The psychosocial issues involved in defining, diagnosing, and treating lupus have implications for the way the nurse or other health professional works with a patient who has lupus. For example, a person who is newly diagnosed with lupus needs help in getting current, accurate information about the disease and in defining realistic expectations and goals. The Patient Information Sheets in Chapter 7 can help. The health professional can clarify information with the patient’s doctor, make rounds with the doctor, and act as a liaison between the patient and the doctor, if needed. Frequently, many doctors are involved in caring for a patient with lupus at one time.
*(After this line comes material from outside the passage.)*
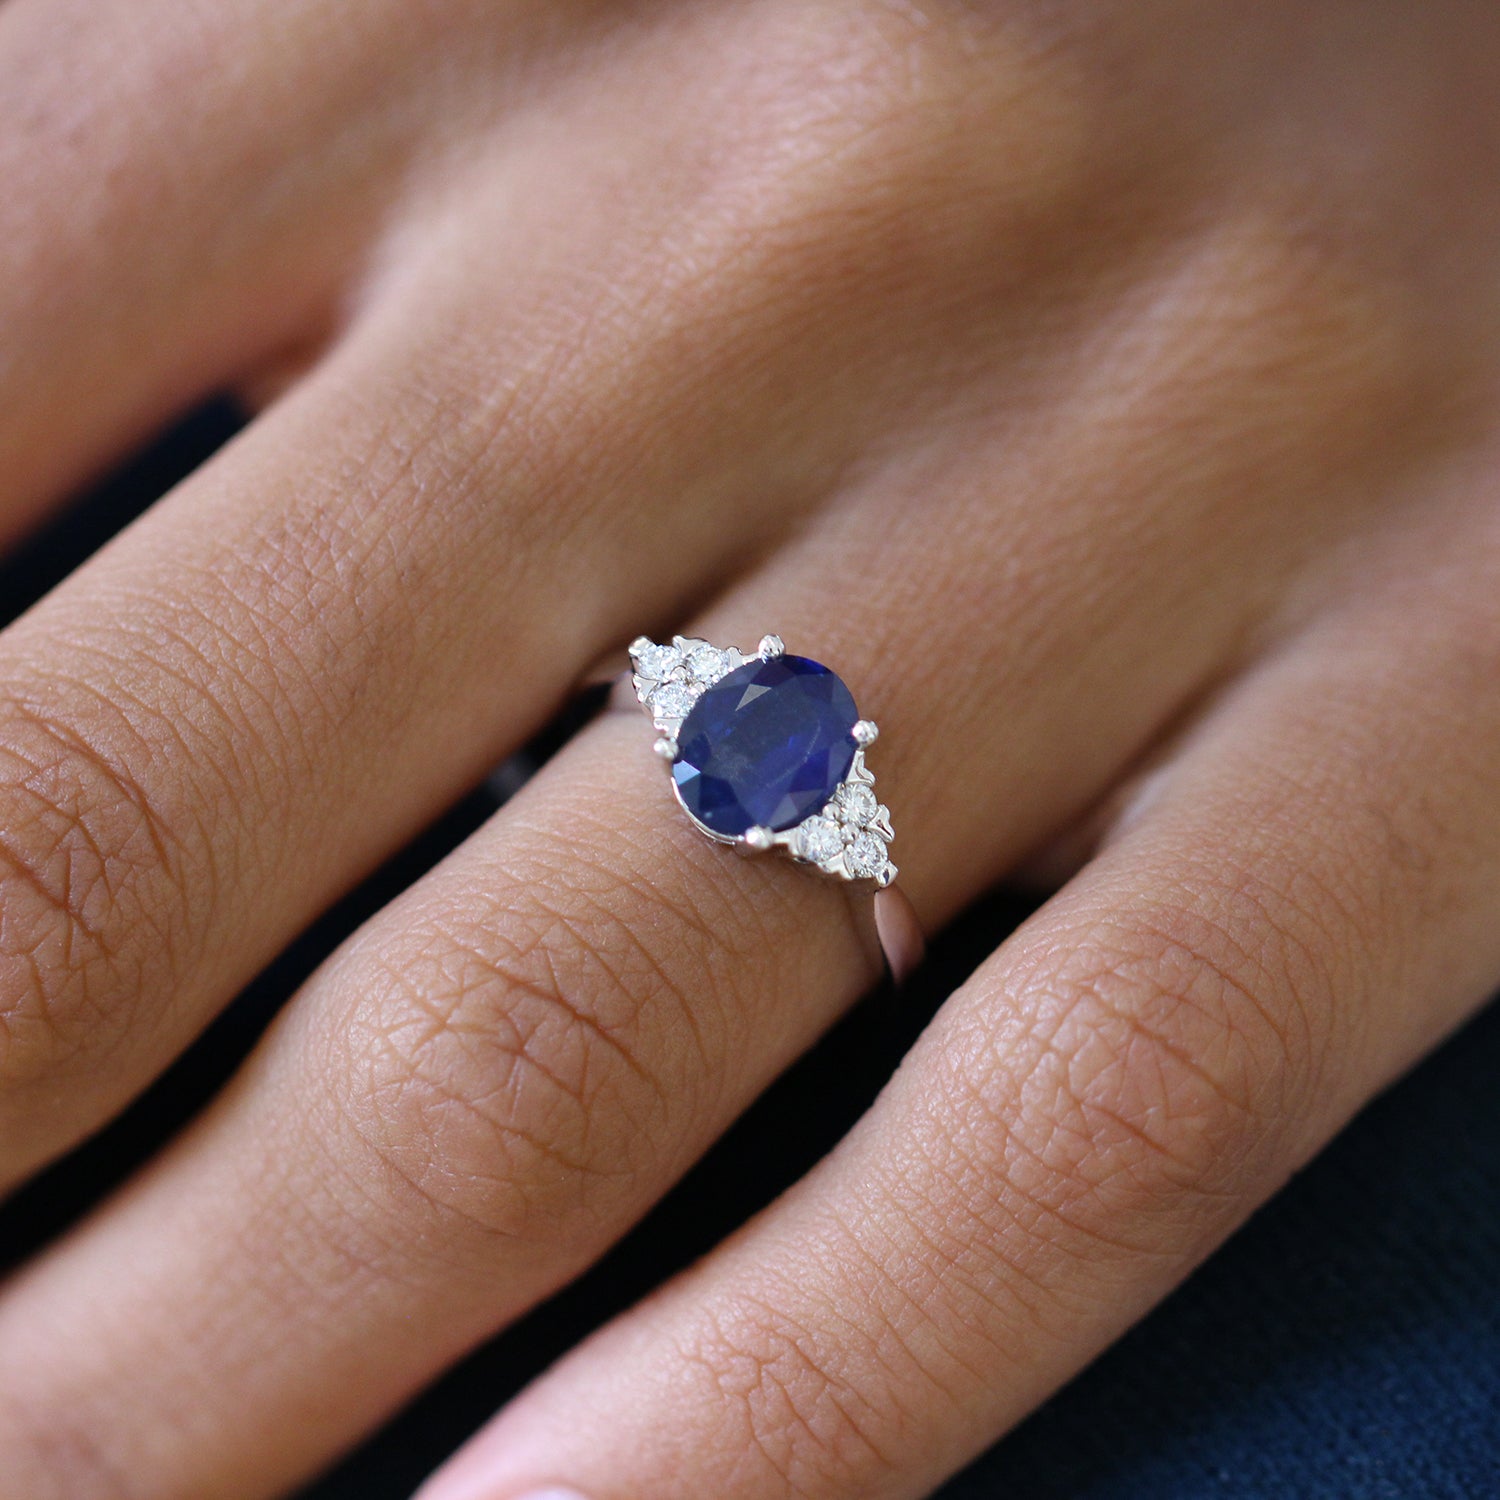 ronan campbell 18k white gold blue sapphire diamond engagement ring designyard contemporary jewellery gallery dublin ireland 1

This may increase the patient’s confusion and leave gaps in information. Emotional support for the patient is essential. Being available for questions, providing reassurance, and encouraging discussion of fears and anxieties are all crucial roles that the nurse can play.
The person with lupus who is hospitalized during a flare requires symptomatic nursing care. It is important to note that objective data, such as anemia or sedimentation rate, may not support subjective complaints of fatigue or pain. Careful head-totoe assessment and documentation of all symptoms and complaints are important. Symptomatology changes constantly, so frequent reassessment is necessary. Reevaluations validate a patient’s concerns and alert the doctor to changes that may be transient yet significant.
The patient’s tolerance for physical activity and need to control what she or he can do should be respected. The patient should be involved in developing a care plan and daily schedule of activities.
The best way to treat lupus is to listen to the patient, whether she or he was diagnosed today or years ago. The patient’s support systems can be expanded to include pamphlets and books, physical or occupational therapy, vocational rehabilitation, homemaker services, the Visiting Nurses Association (VNA), the Lupus Foundation of America (LFA), the SLE Foundation, and the Arthritis Foundation (AF).
Lupus is a challenge to everyone concerned. The health professional has a key role in its management. Accurate documentation, supportive care, emotional support, patient education, and access to community resources will provide the patient and her or his family with the tools they need to cope effectively.